START Data segment
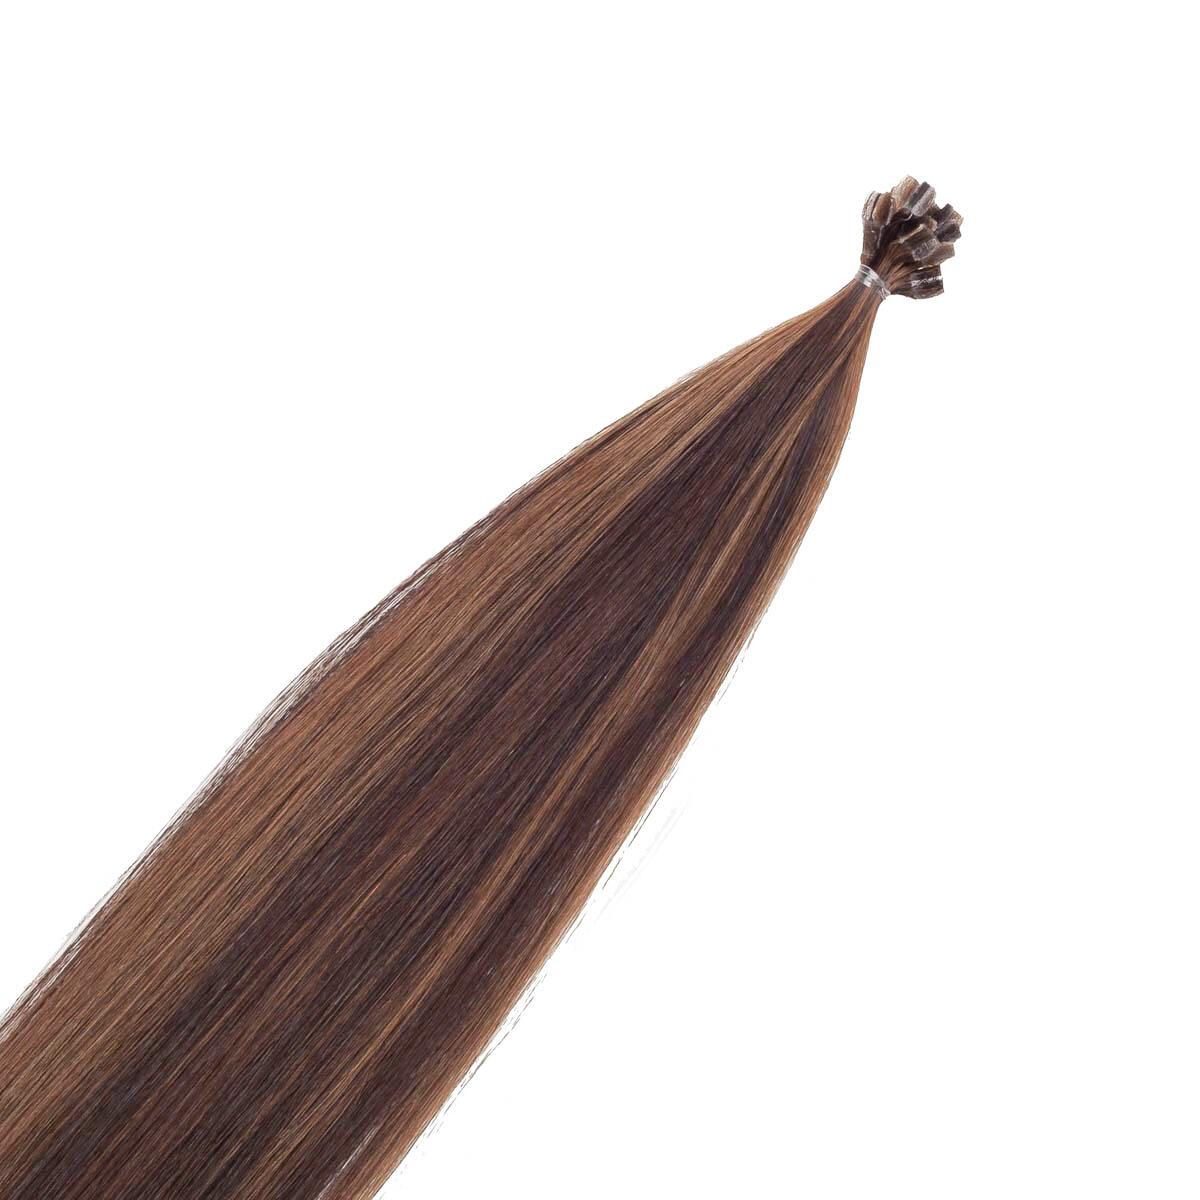 Nail Hair Original M2.3/5.0 Chocolate Mix 30 cm
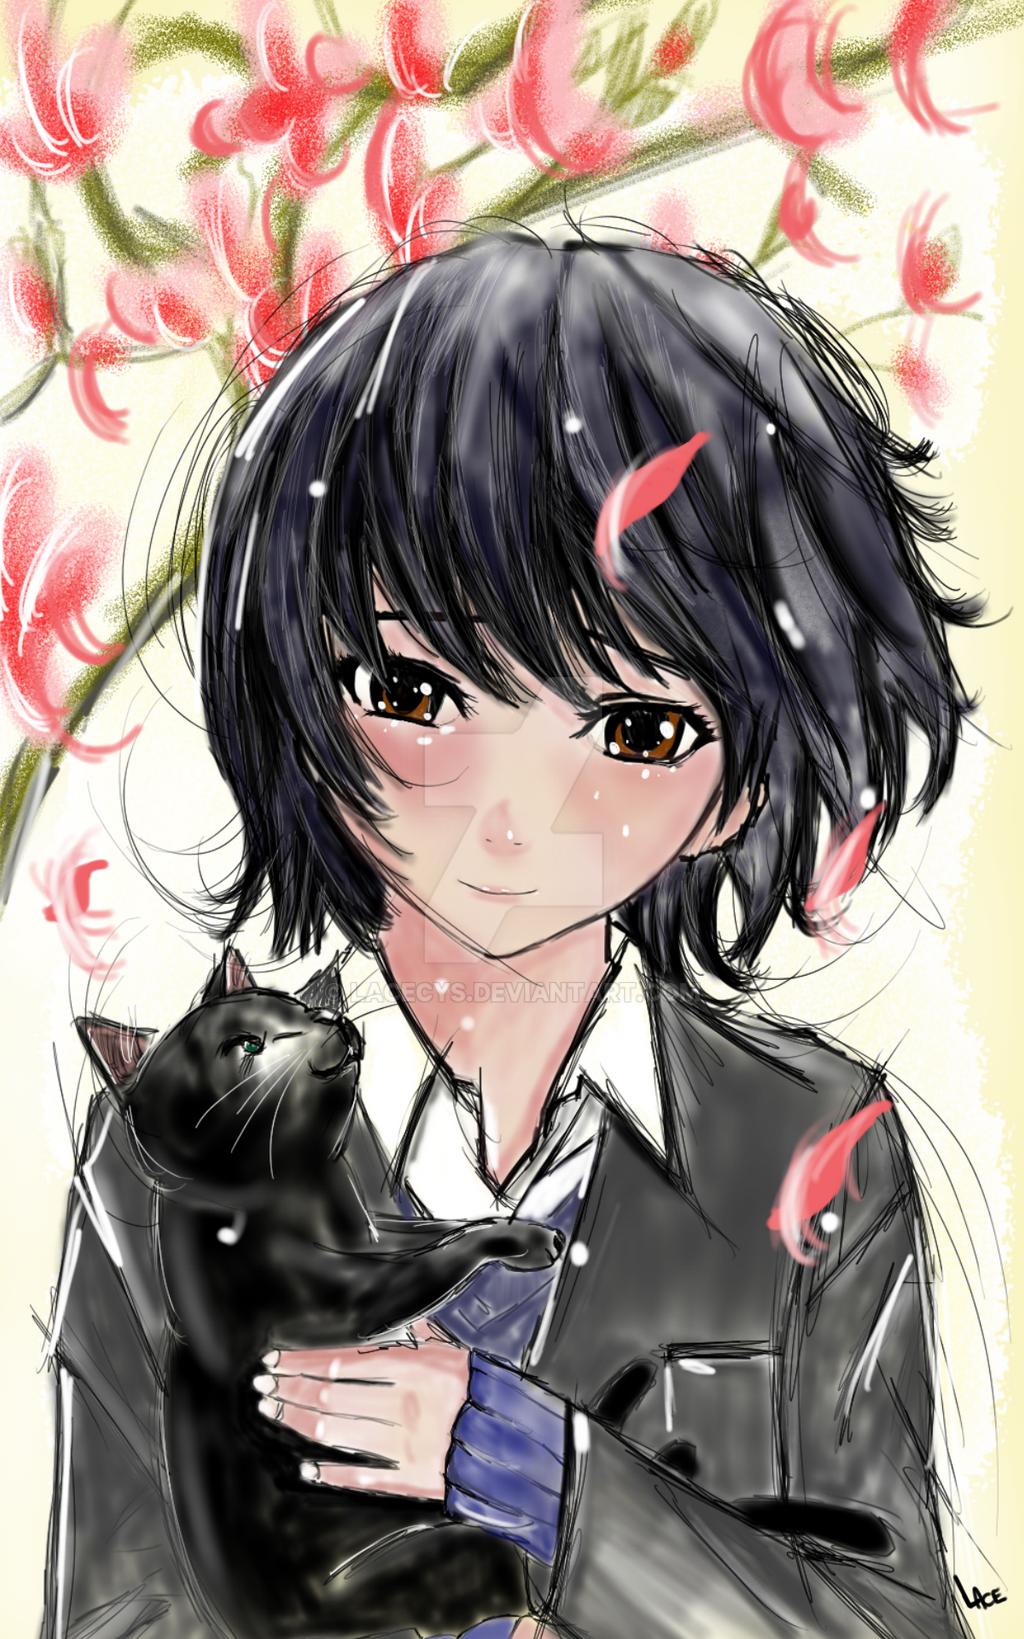 Dessin Fille Style Manga Par Lace By Lacecys On Deviantart
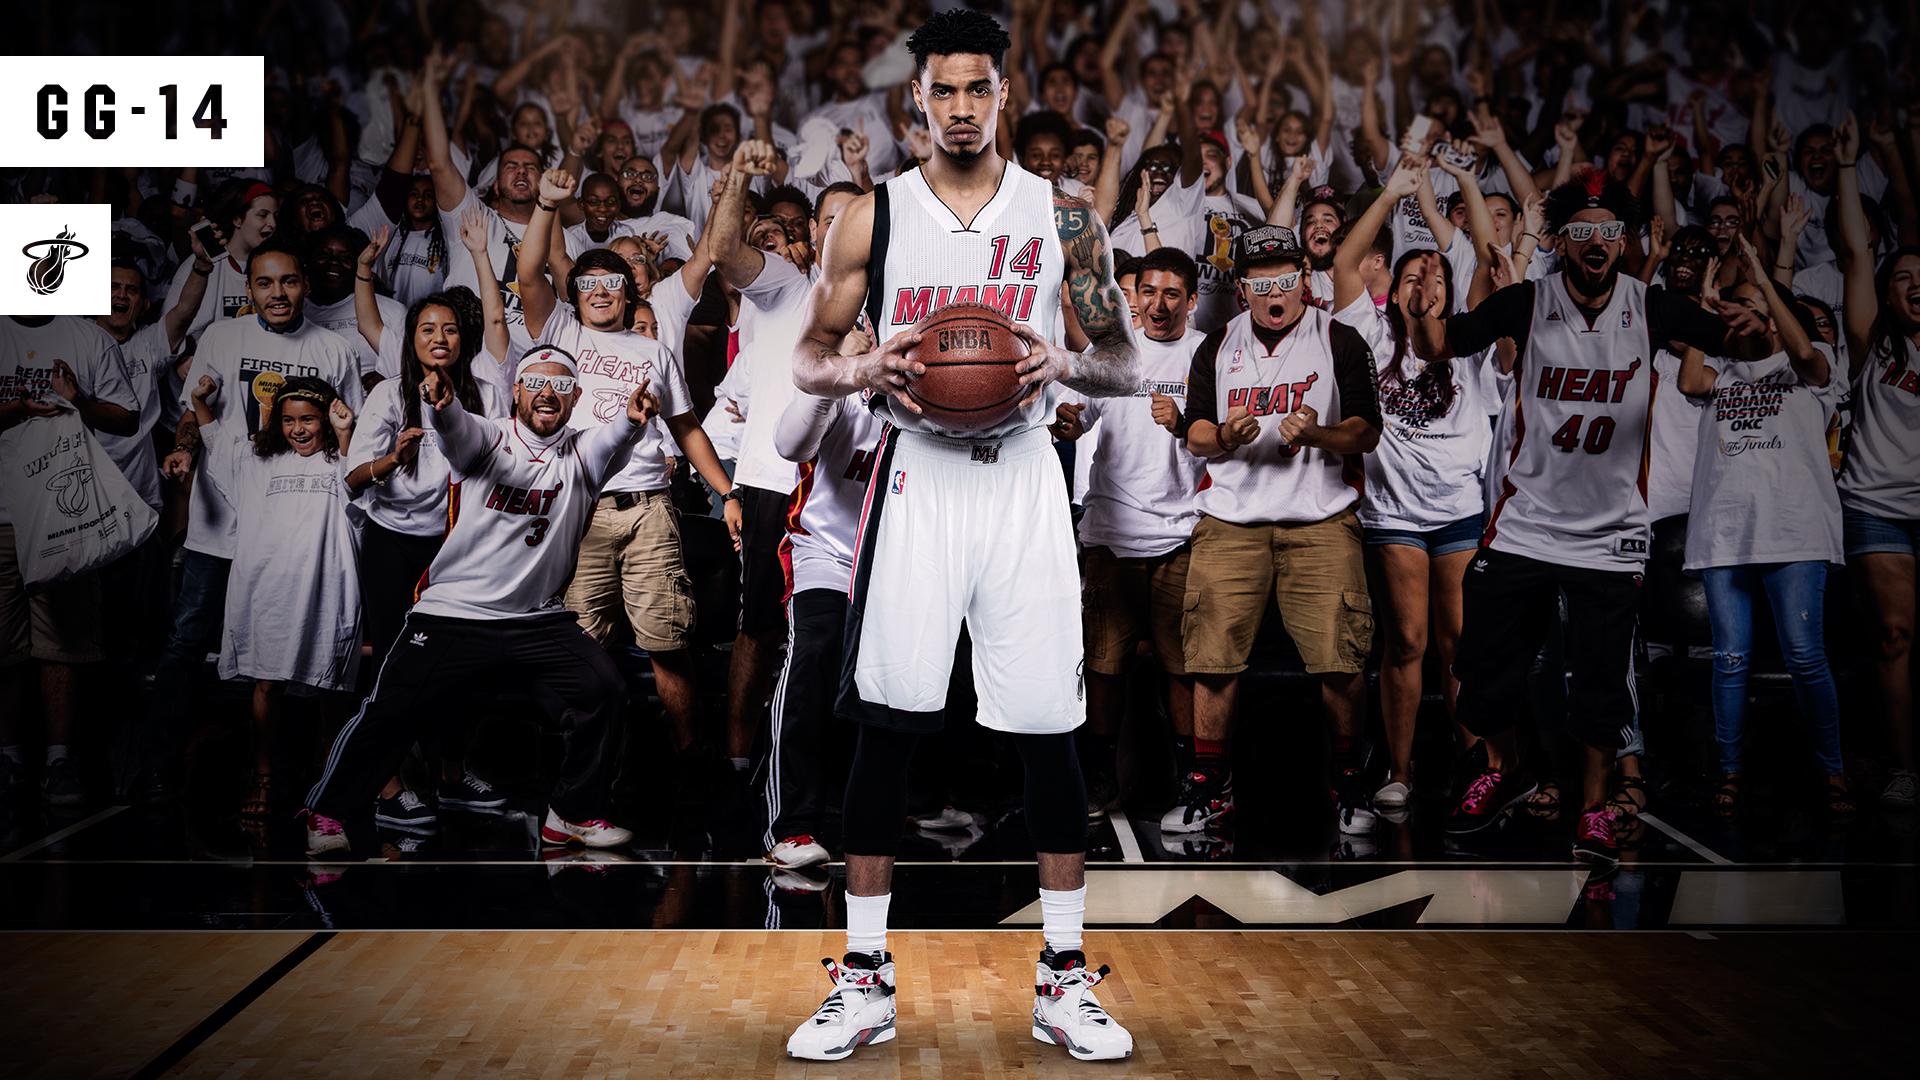 Miami Heat Basketball NBA Wallpaper 1080p hd background hd 1920x1080
END Data segment
Set the lines down exactly as they stand, from the one containing "Dessin Fille Style" through the end of the listing, omitting every picture.

 Dessin Fille Style Manga Par Lace By Lacecys On Deviantart
 Miami Heat Basketball NBA Wallpaper 1080p hd background hd 1920x1080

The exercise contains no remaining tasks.